NEW STRATEGIC FORUM: Getting Beyond Taiwan?
"Getting Beyond Taiwan? Chinese Foreign Policy and PLA Modernization"
Strategic Forum #261 January, 2011
By Michael A. Glosny
"Deeper rapprochement across the Taiwan Strait would remove a longstanding source of regional tension and the most likely source of war between the United States and China. Cross-strait rapprochement would also lead to new frictions and new worries among regional countries and the United States that a China no longer focused on Taiwan will use its increased power to challenge their interests elsewhere in Asia. The direction of PLA modernization can help alleviate or further exacerbate the concerns about a rising China that will become more powerful but also less constrained by Taiwan."
Since the mid-1990s, China’s military modernization has focused on deterring Taiwan independence and preparing for a military response if deterrence fails. Given China’s assumption of U.S. intervention in a Taiwan conflict, the People’s Liberation Army (PLA) has been developing military capabilities to deter, delay, and disrupt U.S. military support operations. The 2008 election of Taiwan President Ma Ying-jeou, however, has contributed to improved cross-strait economic and political cooperation and dramatically reduced the threat of Taiwan independence and war across the Taiwan Strait. Cooperation has included full restoration of direct shipping, flights, and mail across the strait, Taiwan’s participation in the World Health Assembly, regularized cross-strait negotiation mechanisms that have already reached several agreements, and the recent signing of the Economic Cooperation Framework Agreement.
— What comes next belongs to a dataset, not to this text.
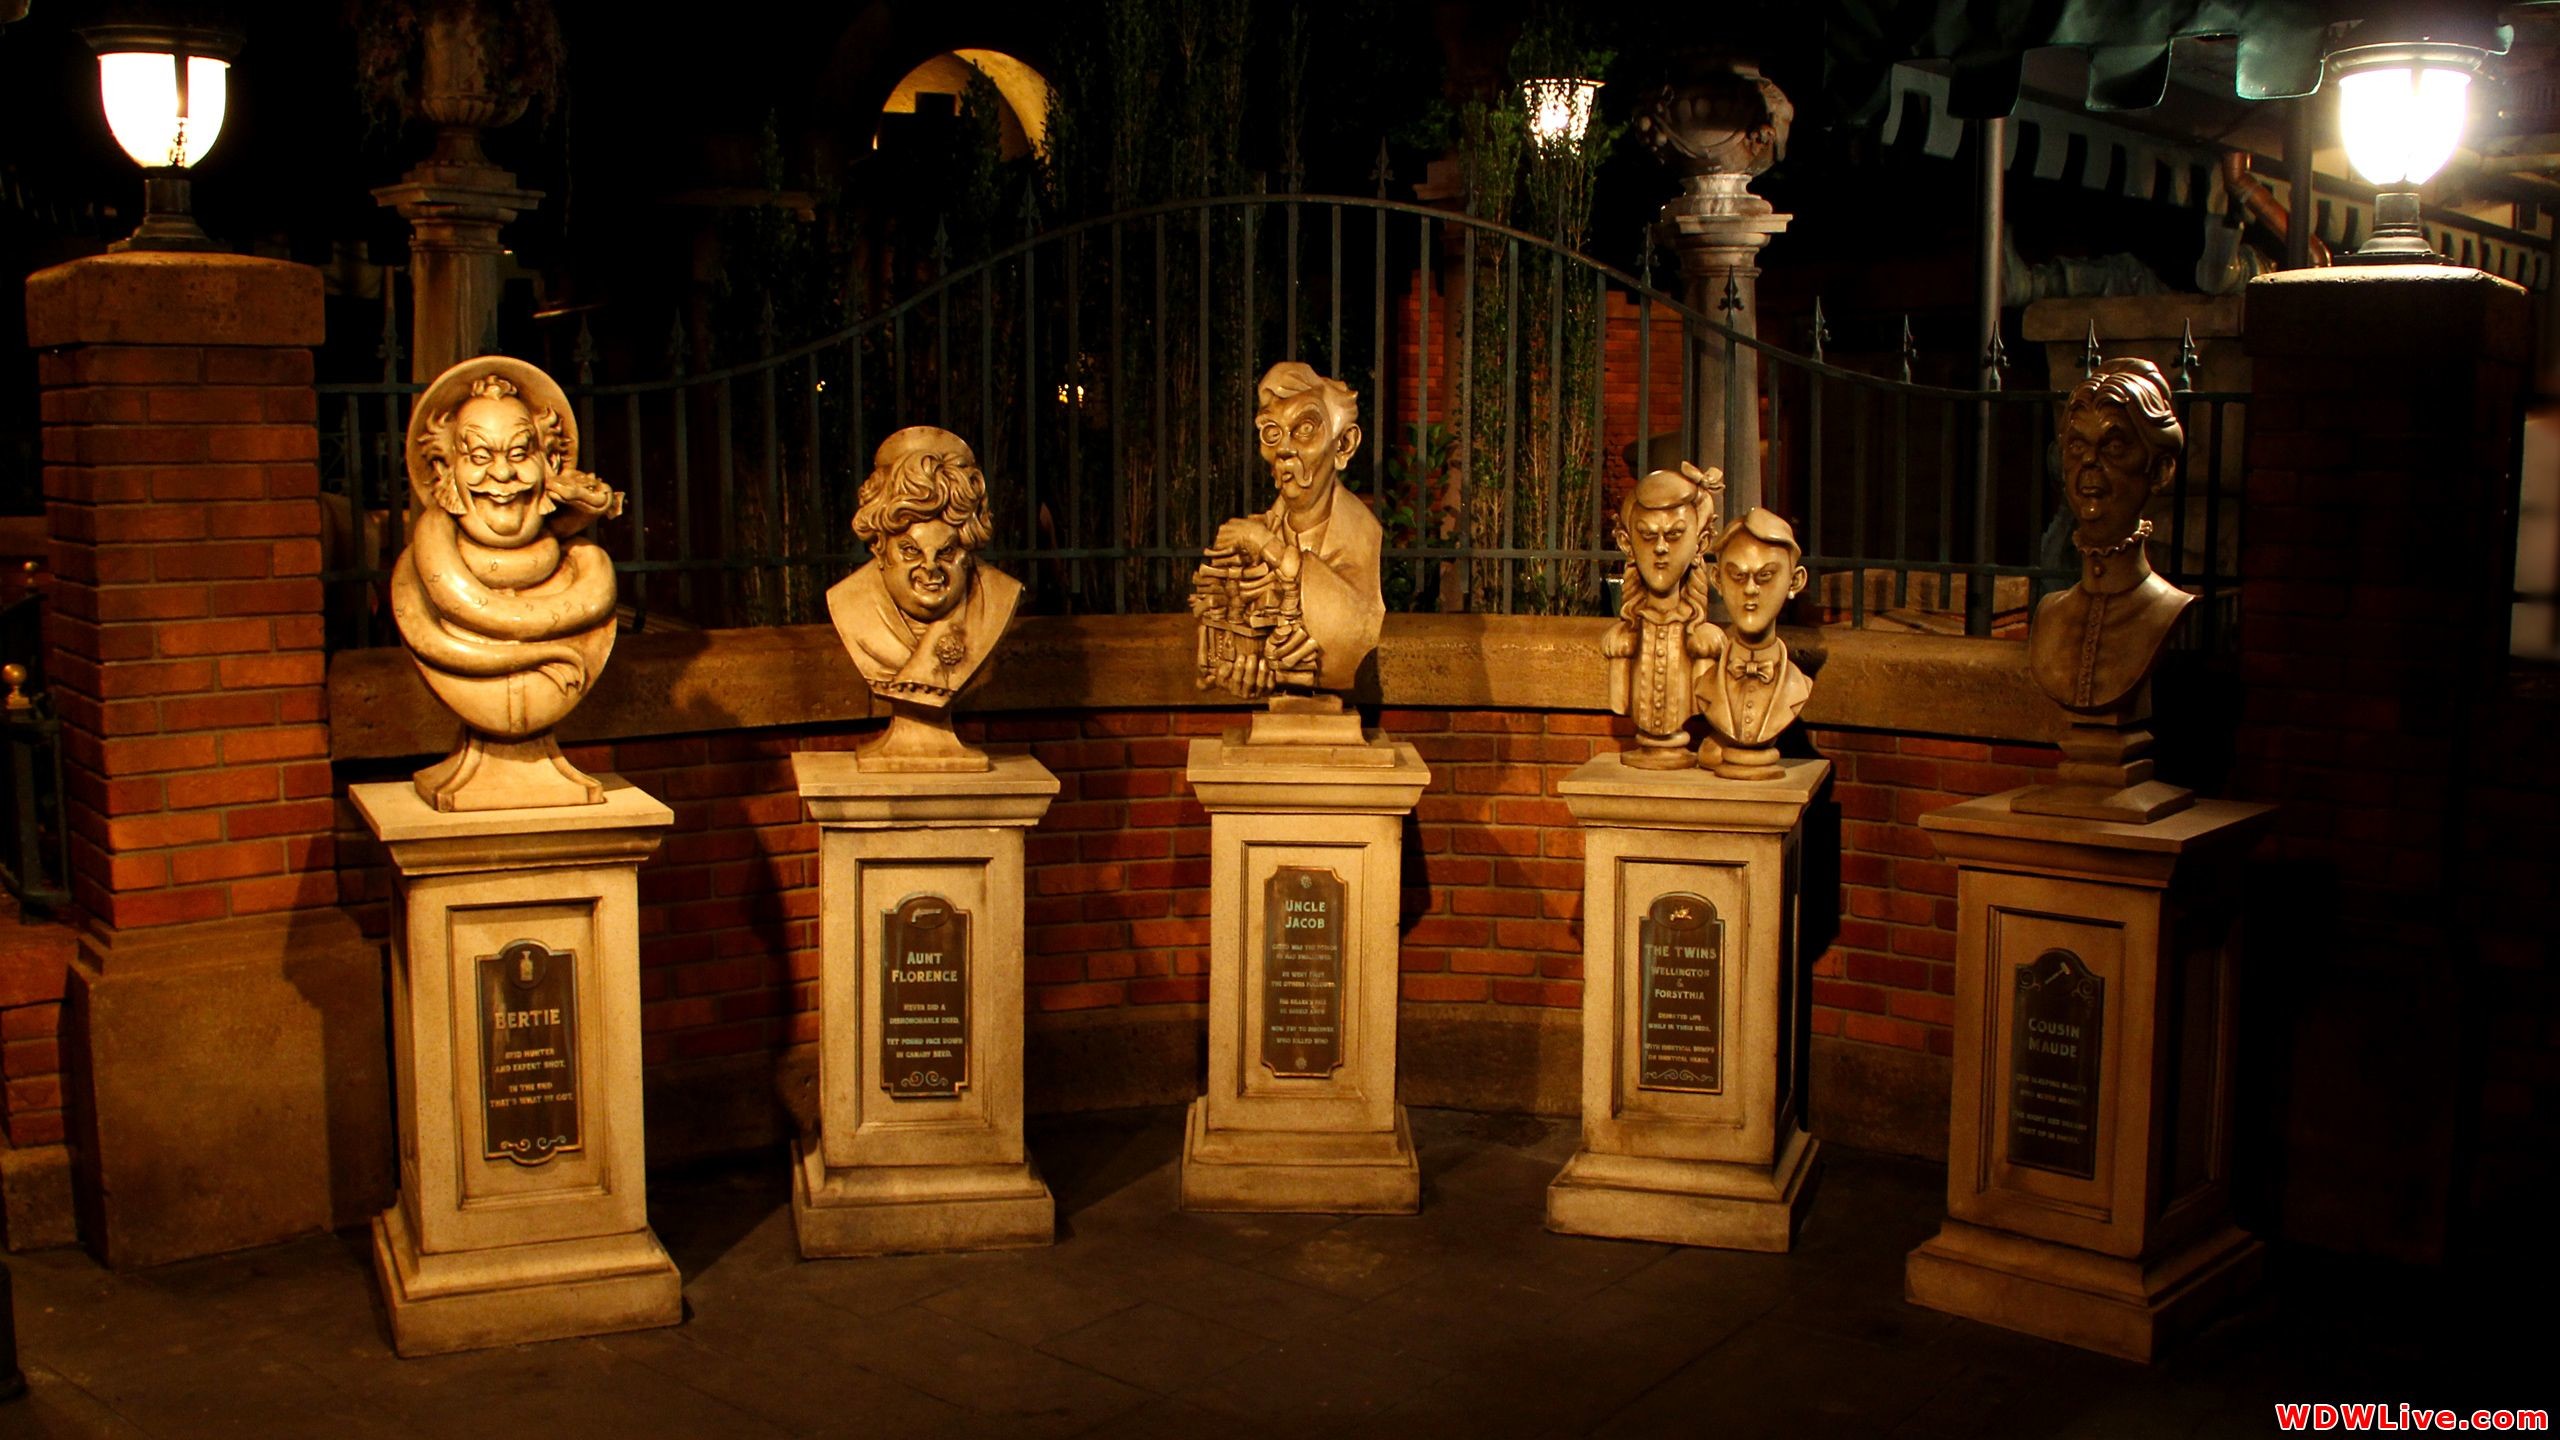 2560x1440 The Haunted Mansion Desktop Wallpaper Disney World Rides, Haunted Mansion,  Magic Kingdom, Disneyland

This decreased cross-strait tension and tentative rapprochement have raised the prospect of fundamental changes in China’s security challenges. If the People’s Republic of China (PRC) and Taiwan sustain this positive cooperation over the next 5 to 10 years and continue to deepen rapprochement, how would this affect regional stability, China’s diplomatic grand strategy, and China’s military modernization? Other analysts have examined the implications of an ultimate political resolution to the Taiwan issue, but this paper analyzes the implications of deeper cross-strait rapprochement, a much more likely scenario over the next 5 to 10 years.2 This deeper rapprochement would probably not resolve the issue of Taiwan’s political status, but would greatly reduce the chances that the PRC would use force. Sustained cross-strait stability would make the Taiwan issue less important in Chinese domestic politics and much less prominent in China’s relations with others. This could occur as a result of a peace agreement or through a series of cooperative measures by both sides that put the relationship on a course toward peaceful resolution. Experts devote a great detail of attention to scenarios of crisis and conflict in the Taiwan Strait, but the implications of deeper cross-strait cooperation also deserve analytical attention. This discussion of potential future implications of deeper cross-strait rapprochement is speculative in nature.